One of the most important rituals in Kazakh families is Tusau Kesu. This is cutting of the fetters on child’s feet so that their future road in life is easy and bright.
From the earliest times until today, the Kazakh people have devoted a lot of time to raising children. Accompanied by various customs and traditions, the birth of a child has always been a great joy.
Tusaukeser (kaz: Тұсаукесер – fetter cutting) is one of the oldest Kazakh traditions, which is still observed. Dedicated to a toddler, the ritual is performed so that he or she could quickly get on their feet.
The custom of tusau kesu is believed to have existed among the Kazakhs since the time of Tengriism. As a rule, it is held as soon as a child begins to take their first steps, which most often happens when the baby turns one year old.
Our ancestors were sure that if the rite of cutting the fetters was not carried out, the child’s future would be unhappy and they would often stumble in their life’s journey. But if the custom is performed, the baby will have a bright and successful future.
Tusaukeser is a significant day for the child’s parents, and is usually a lavish celebration. A dastarkhan is set up for the guests and the whole celebration is a lot of fun.

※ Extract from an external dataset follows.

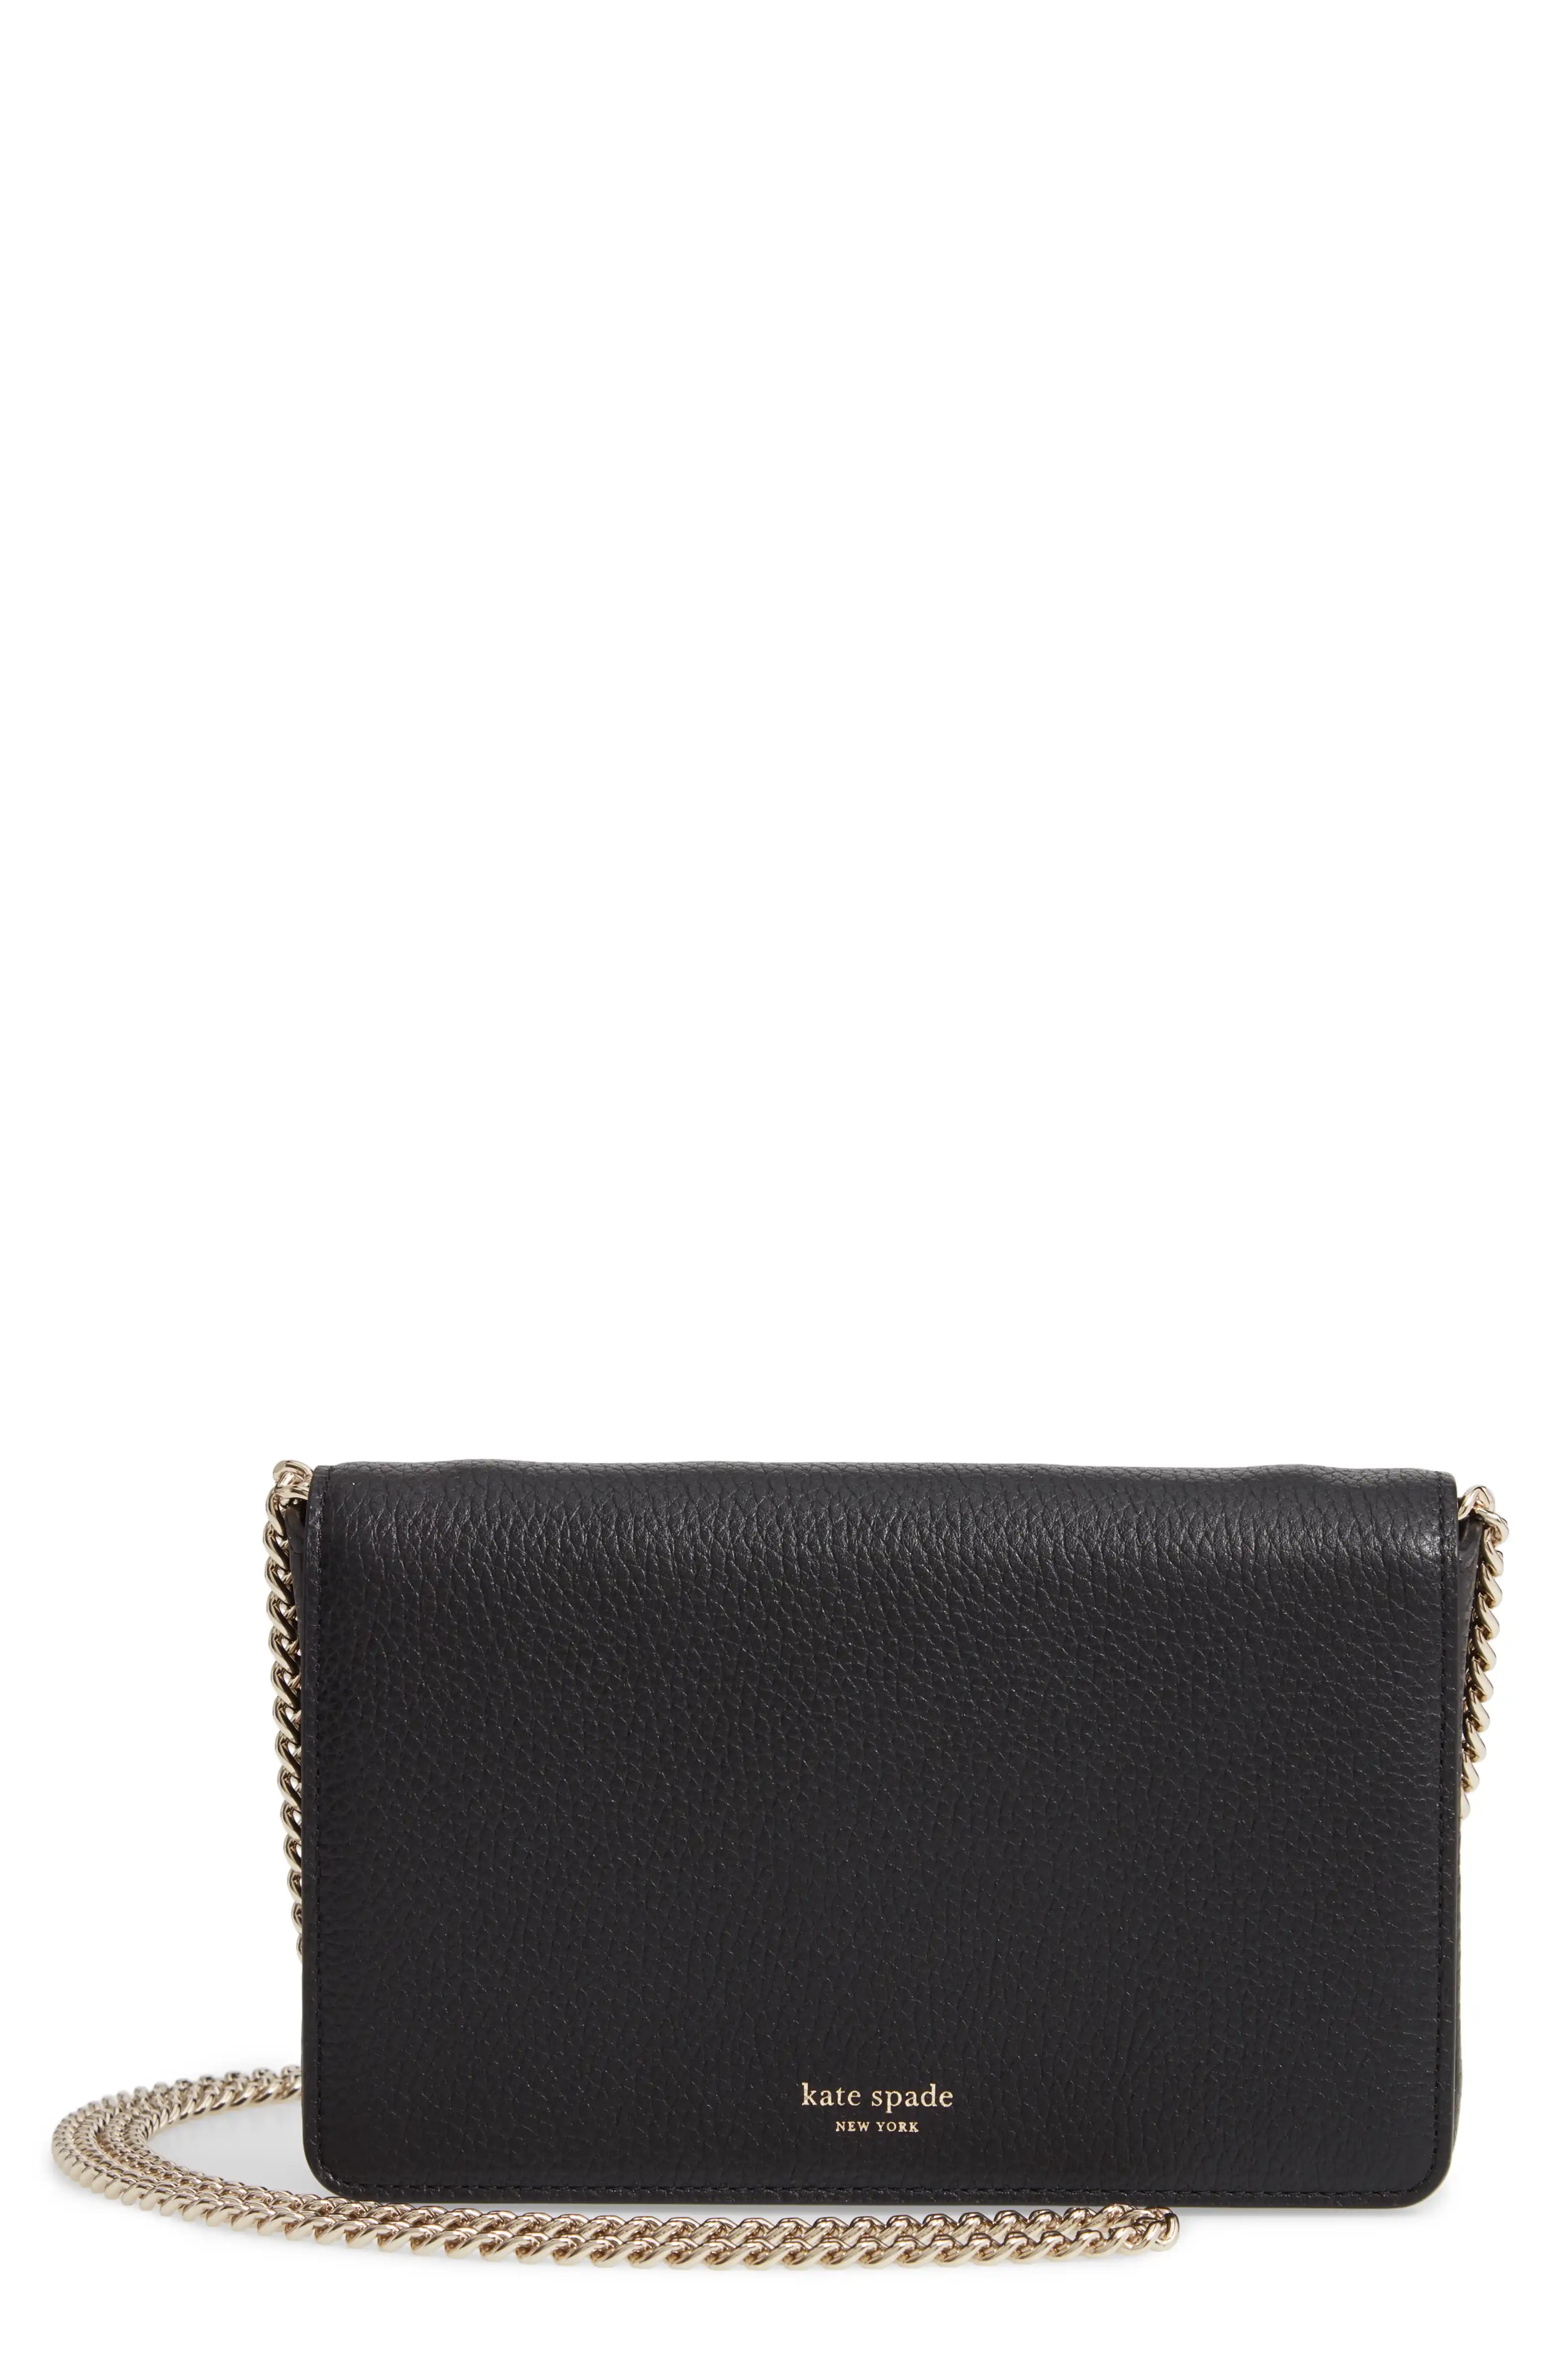 shirley leather chain wallet crossbody bag | Nordstrom
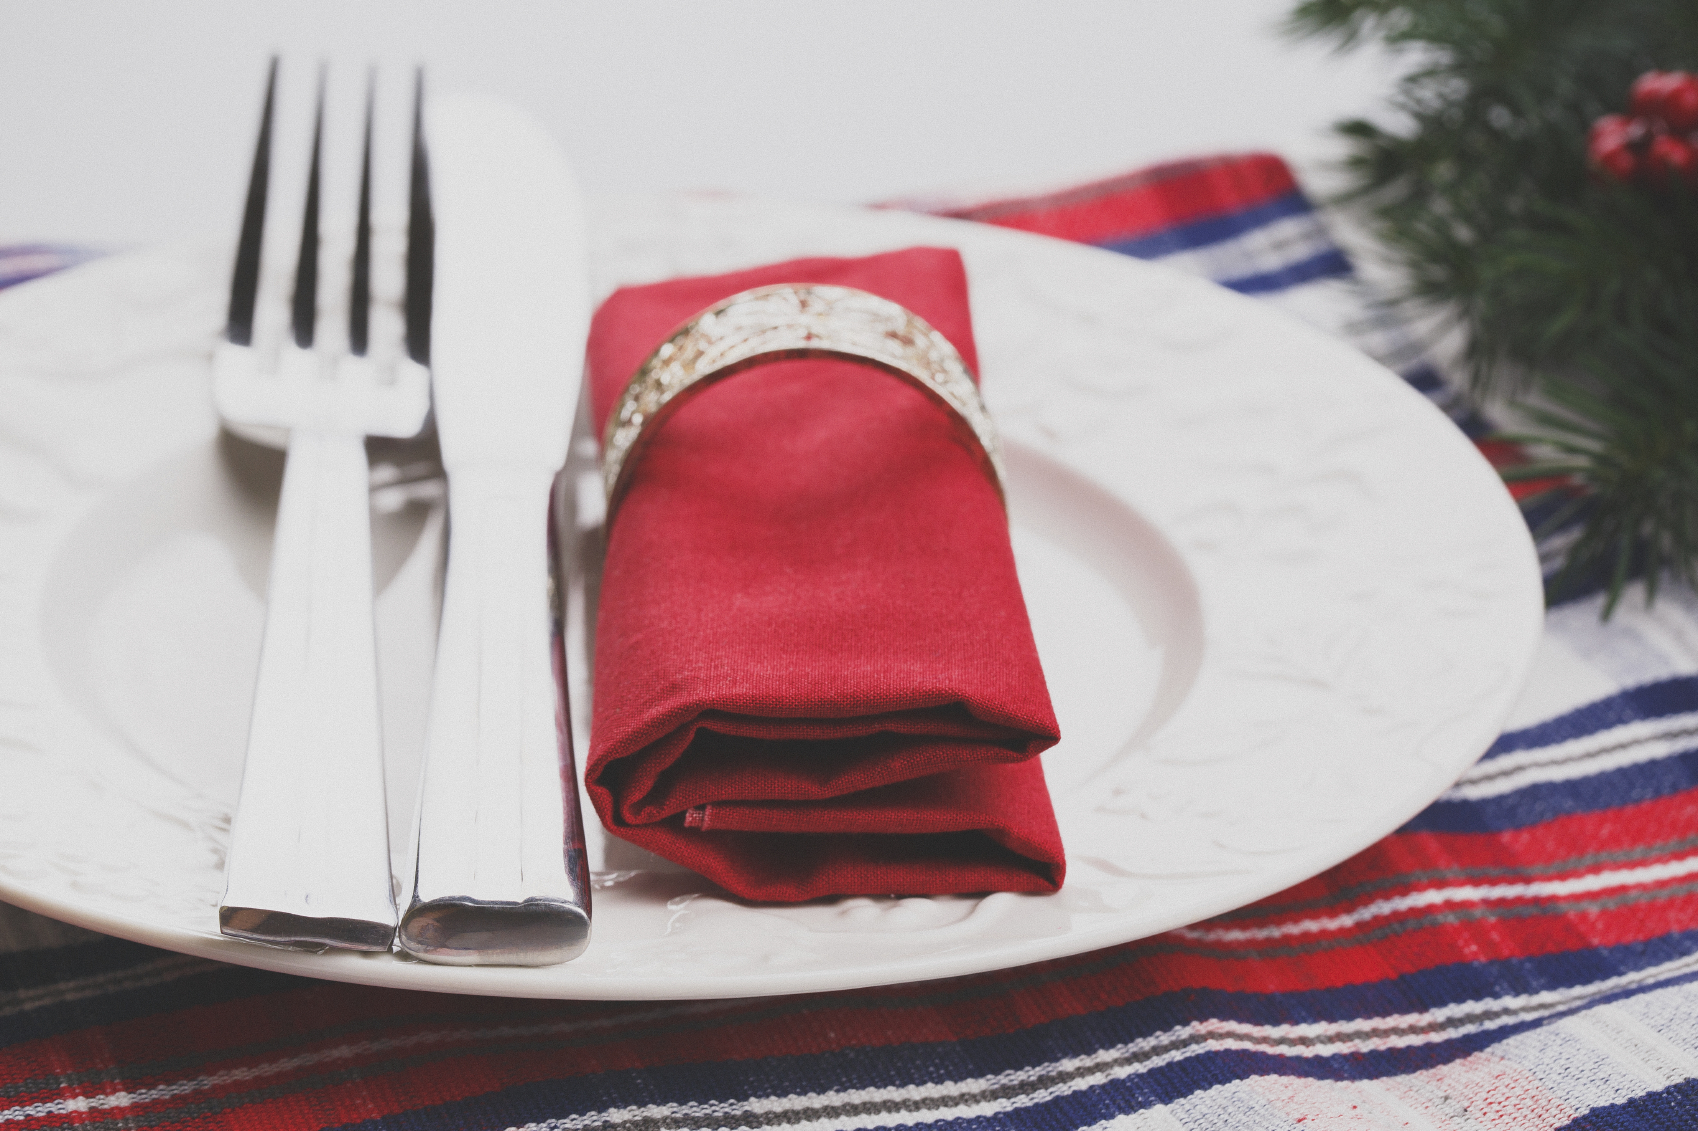 Table linens for the holidays and beyond

The rules of the Tusaukeser
Traditionally, a special white cloth symbolizing the bright road (ak zhol) and multi-colored ropes are prepared for Tusau Kesu. The ropes usually come in three colors: red, white and green. White means purity, green stands for health and longevity, and red is for prosperity.
During the Tusau Kesu ritual, the child’s feet are tied with the ropes 8-shaped as a symbol of infinity. A person chosen in advance by the family for cutting the ropes should be full of energy, kind, with the most positive qualities and great achievements in life. It is believed that the future path of the baby will be as successful as that of the person performing the ritual.
Having cut the fetters, the very same person leads the child by both hands along a white path with several objects waiting for him at the end. Traditionally, these are an apple, a book, money and a dombra. The Kazakhs have always believed that the child’s future will be determined by the object he or she chooses.
Whether it is an apple, they will always be well-fed; if it is a book, the baby will have a bright and inquisitive mind; if the baby pick money, they will be rich; and having chosen the dombra, the child is expected to be creative and artistic.